WHAT YOU ARE ASKED TO DO
In the listing below, find the line with "Báscula digital inteligente" and copy every line from there up to and including the line with "Pantalla LCD Original", exactly and without pictures.

═════ LISTED RECORDS

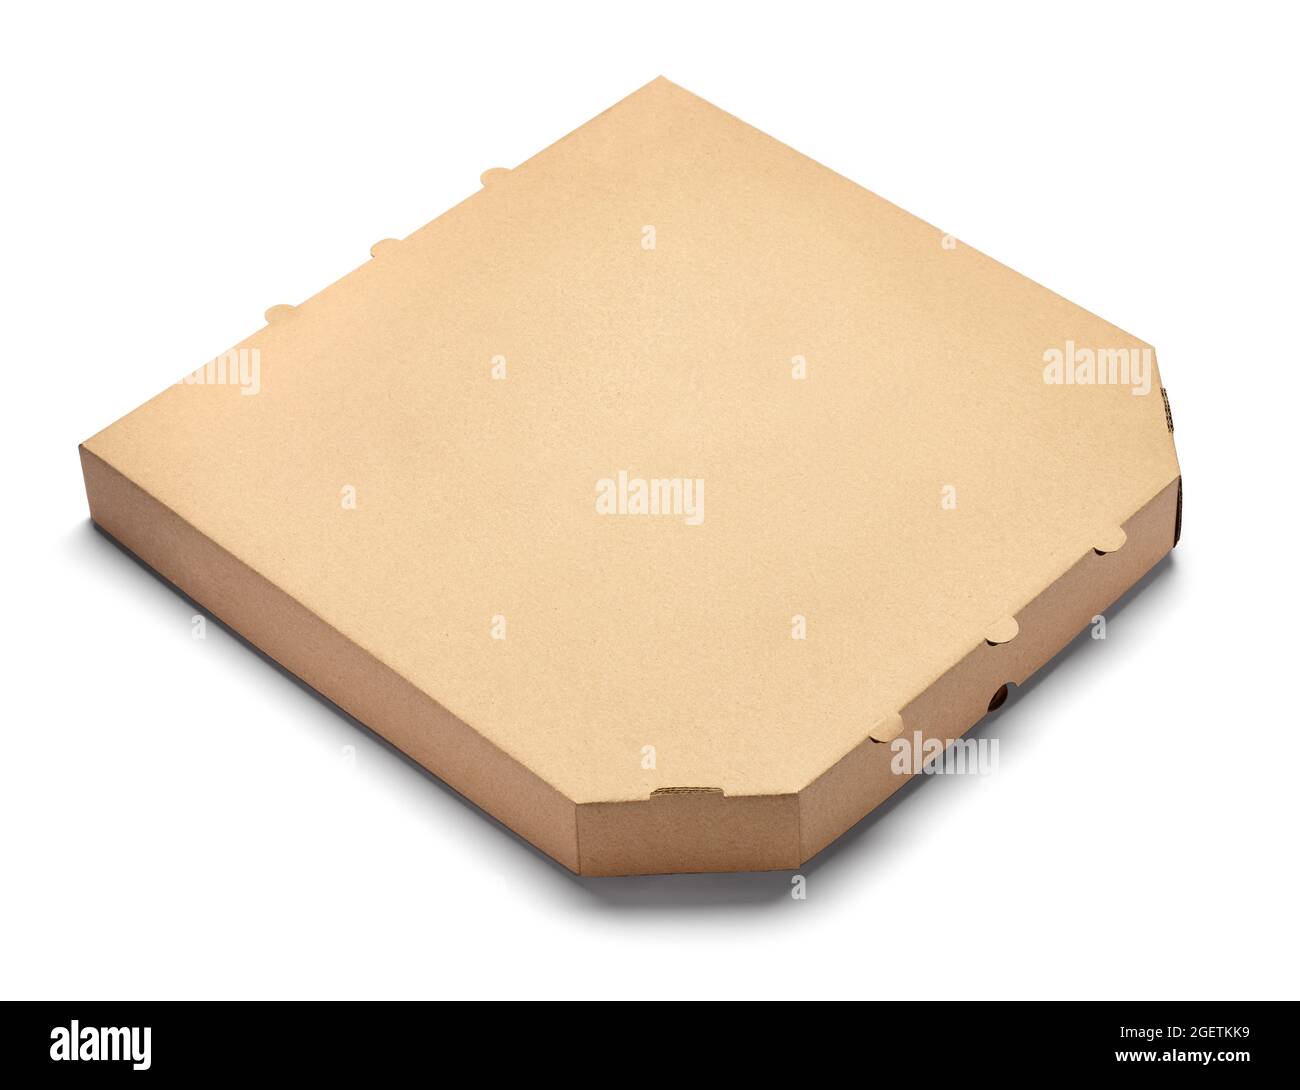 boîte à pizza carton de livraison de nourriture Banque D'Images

══════════
═════ LISTED RECORDS

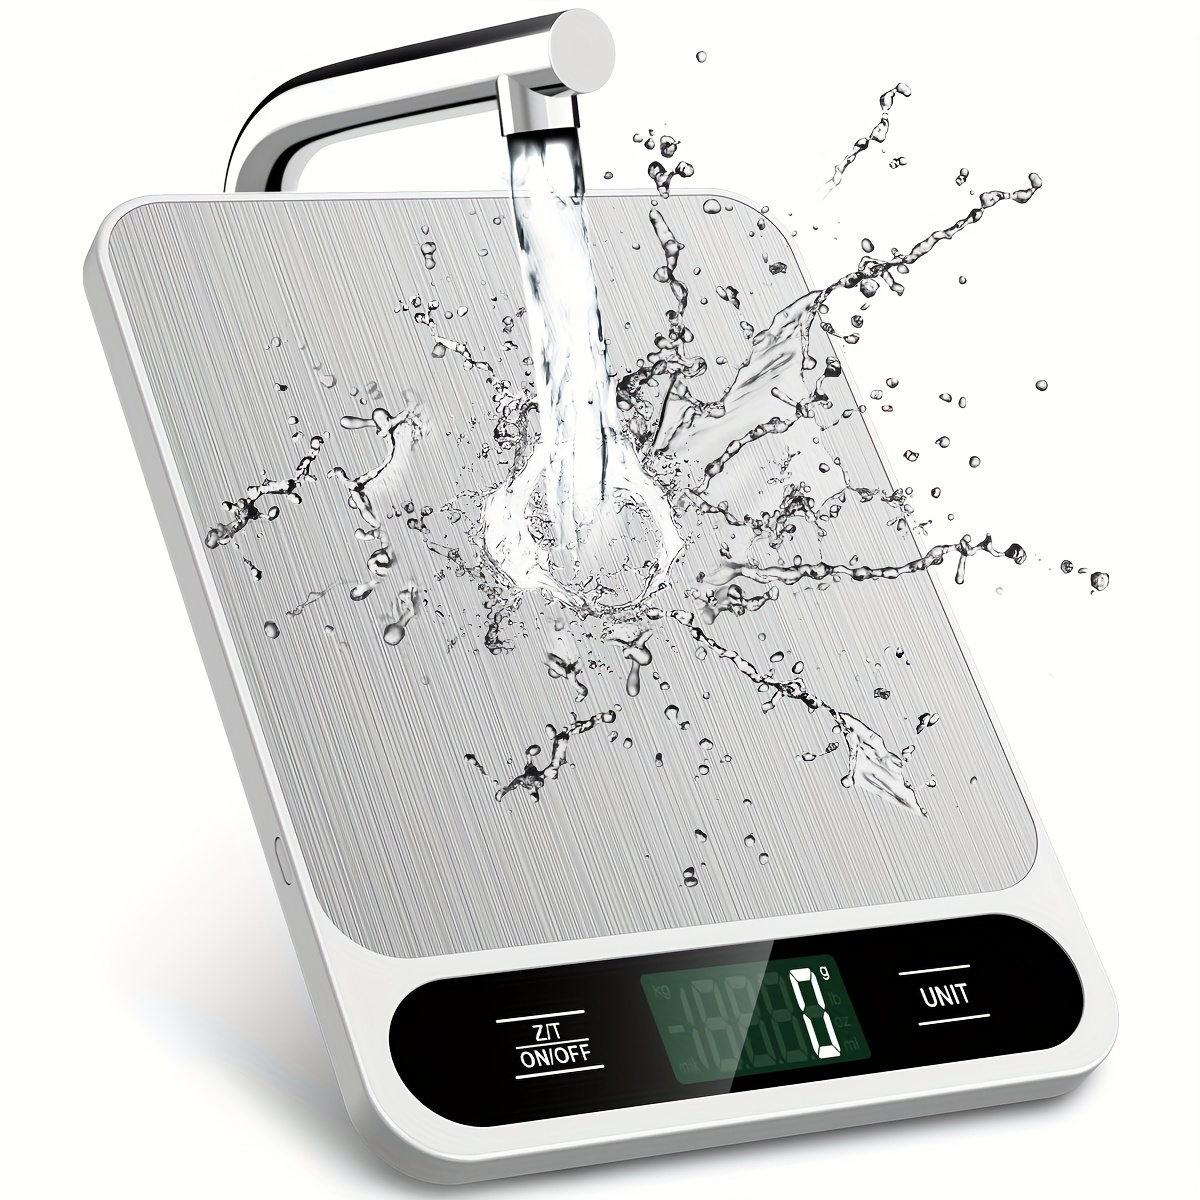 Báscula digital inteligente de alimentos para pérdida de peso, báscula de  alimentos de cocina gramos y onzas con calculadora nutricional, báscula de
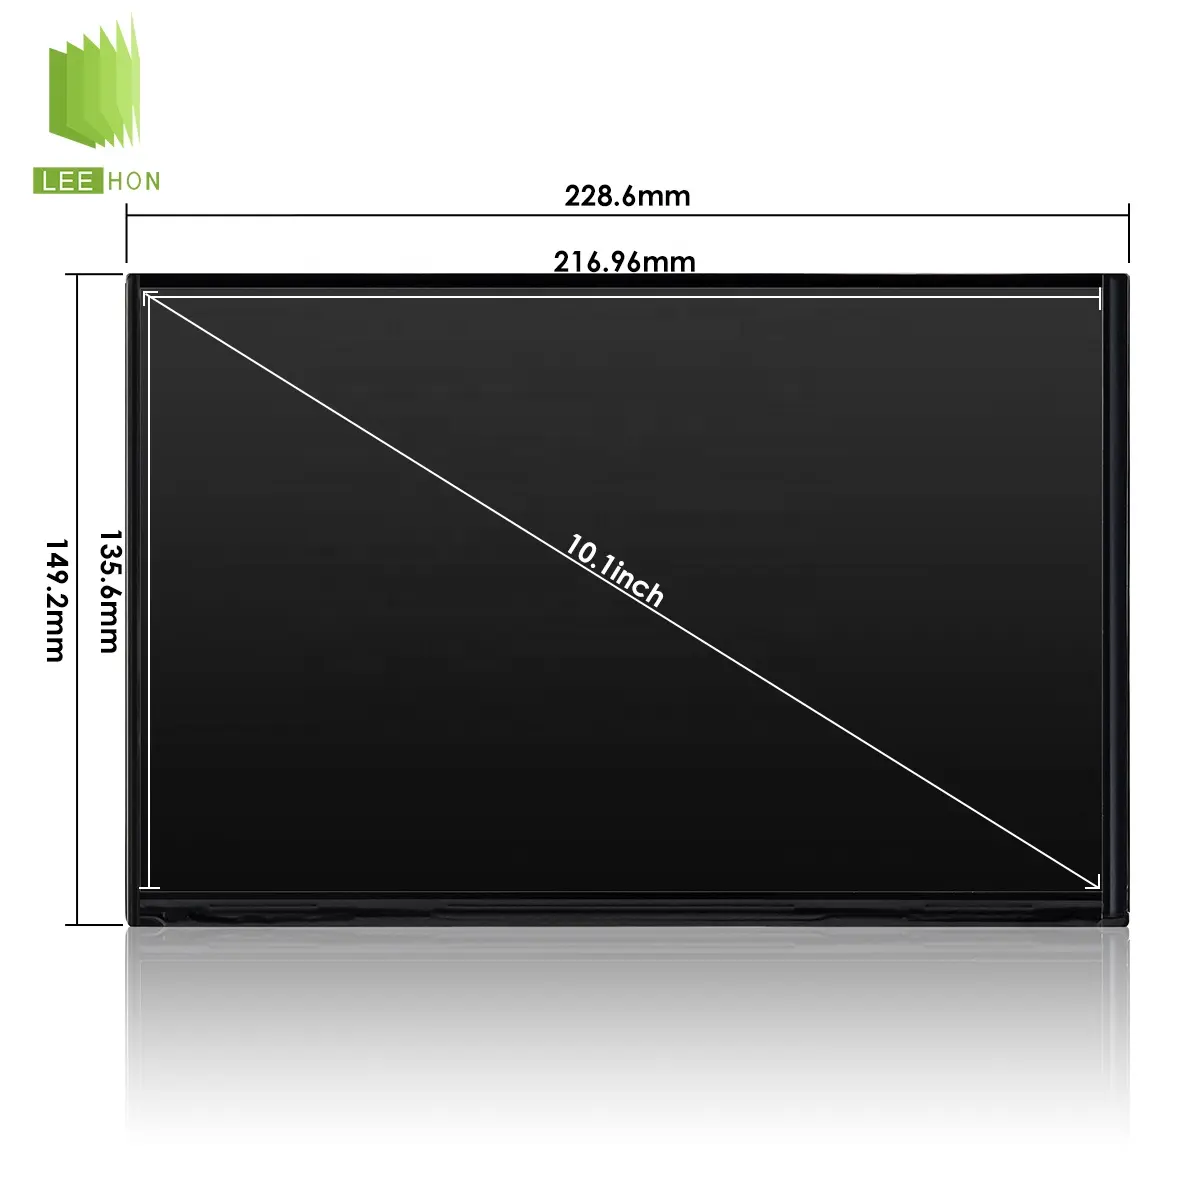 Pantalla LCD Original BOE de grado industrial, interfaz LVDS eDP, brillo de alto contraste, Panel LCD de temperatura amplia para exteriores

══════════

RESULT OF THIS EXERCISE
 Báscula digital inteligente de alimentos para pérdida de peso, báscula de  alimentos de cocina gramos y onzas con calculadora nutricional, báscula de
 Pantalla LCD Original BOE de grado industrial, interfaz LVDS eDP, brillo de alto contraste, Panel LCD de temperatura amplia para exteriores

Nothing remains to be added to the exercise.